Griffintown is not her only novel – her first work, (Soudain le minotaure, Suddenly the Minotaur, DC Books, 2007) won the Anne Hébert prize in 2003.

The question of ultimate peril (La question qui tue) : When was the Marché Bonsecours officially opened? Relying on her training giving tours on calèche, the answer she gave is the correct one! 1847.

Mlle Poitras keeps herself busy in all her professional pursuits; Litterary critic, music journalist for Le Voir and web editor. Because of the music punditry Guy A. brings her into entrevue coups de coeurs for music.

There's a lot of talk about music, and especially the indie type music you would hear on Bande à part. We hear and discuss:

  • "Into Giants", Patrick Watson
  • "Galope" feat.
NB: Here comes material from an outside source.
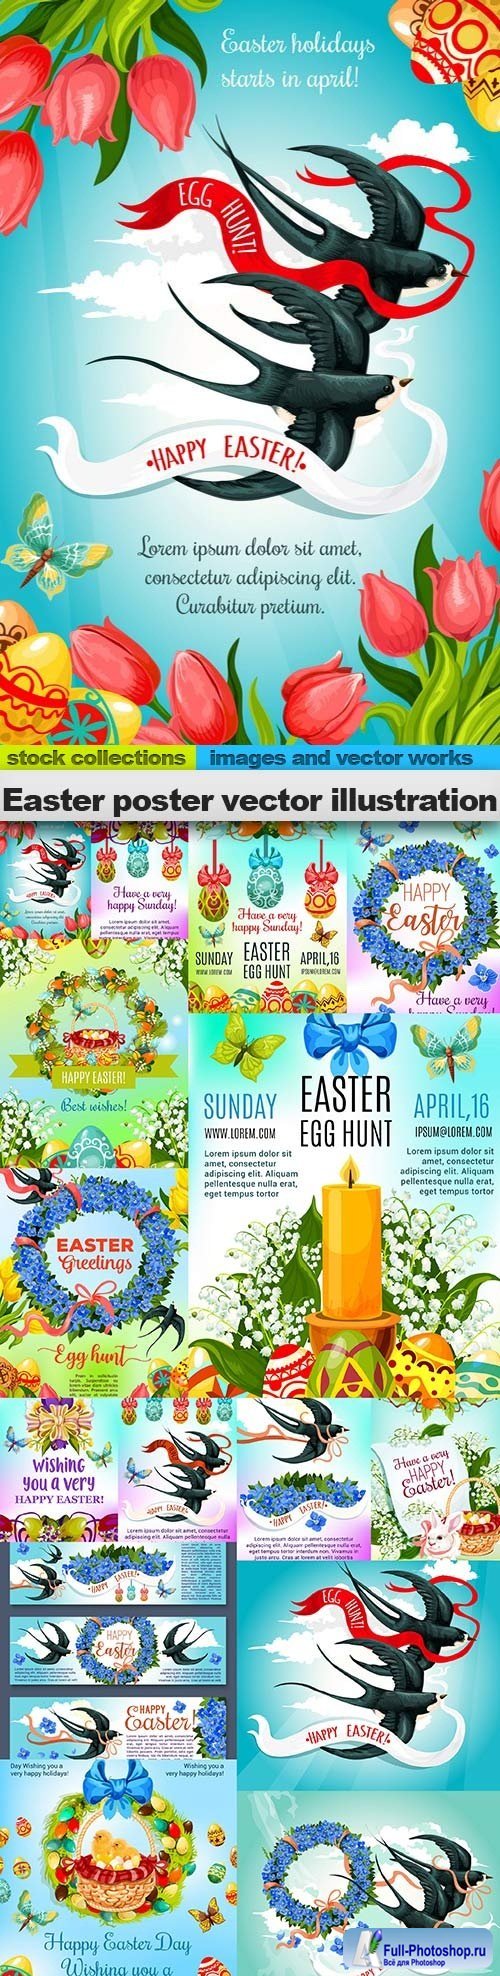 Easter poster vector illustration, 15 X EPS

Georgette Leblanc, Radio Radio
  • "Petite leçon de tenèbres", Philippe B
  • "The Rose with the Broken Neck", Danger Mouse and Daniel Luppi
  • "Intuition #1", Avec pas d'casque

 (Dominic says give ‘em a listen, see what you like)

Why this matter:

Alain Dumas

Humorist, radio host, and author of Le temps qui presse, on his twenty-one years at "Opération Enfant Soleil"

Played a clip from last year’s telethon, where an ill girl sang a song dedicated to Alain. Gasto-parésie severe. Girl is still alive and has built a rapport; initially to get her out of her shell for the interview, then as a friend.

The girl wanted to make a CD; she has now sold two and is working on a third; all going for Opération enfant-soleil.

A telethon is no easy thing, especially when you work the night shift like M. Dumas. Trying to get attention for the later hours of the event, he's gone to some extreme lengths, including concocting a story about having a pet pig—and going so far as posing with a stranger pig—to get some coverage in the newspaper.

Dumas is known for his impressions... his most famous being Jean-Guy Hood, the mechanic. They play a clip of a show with him and Brathwaite, where Dumas speaks and Brathwaite is cleary confused.

His contrat on Rock Détente was not renewed last year; his slot was taken by Brathwaite. Radio c’est ingrats and he’s had to swallow it. Another point in common with Brathwaite; and Jacques Martin.

(There's a series of impressions and impersonations that follows that, quite honestly, I can't make heads or tails of. So I'm not even going to try. Sorry, folks.)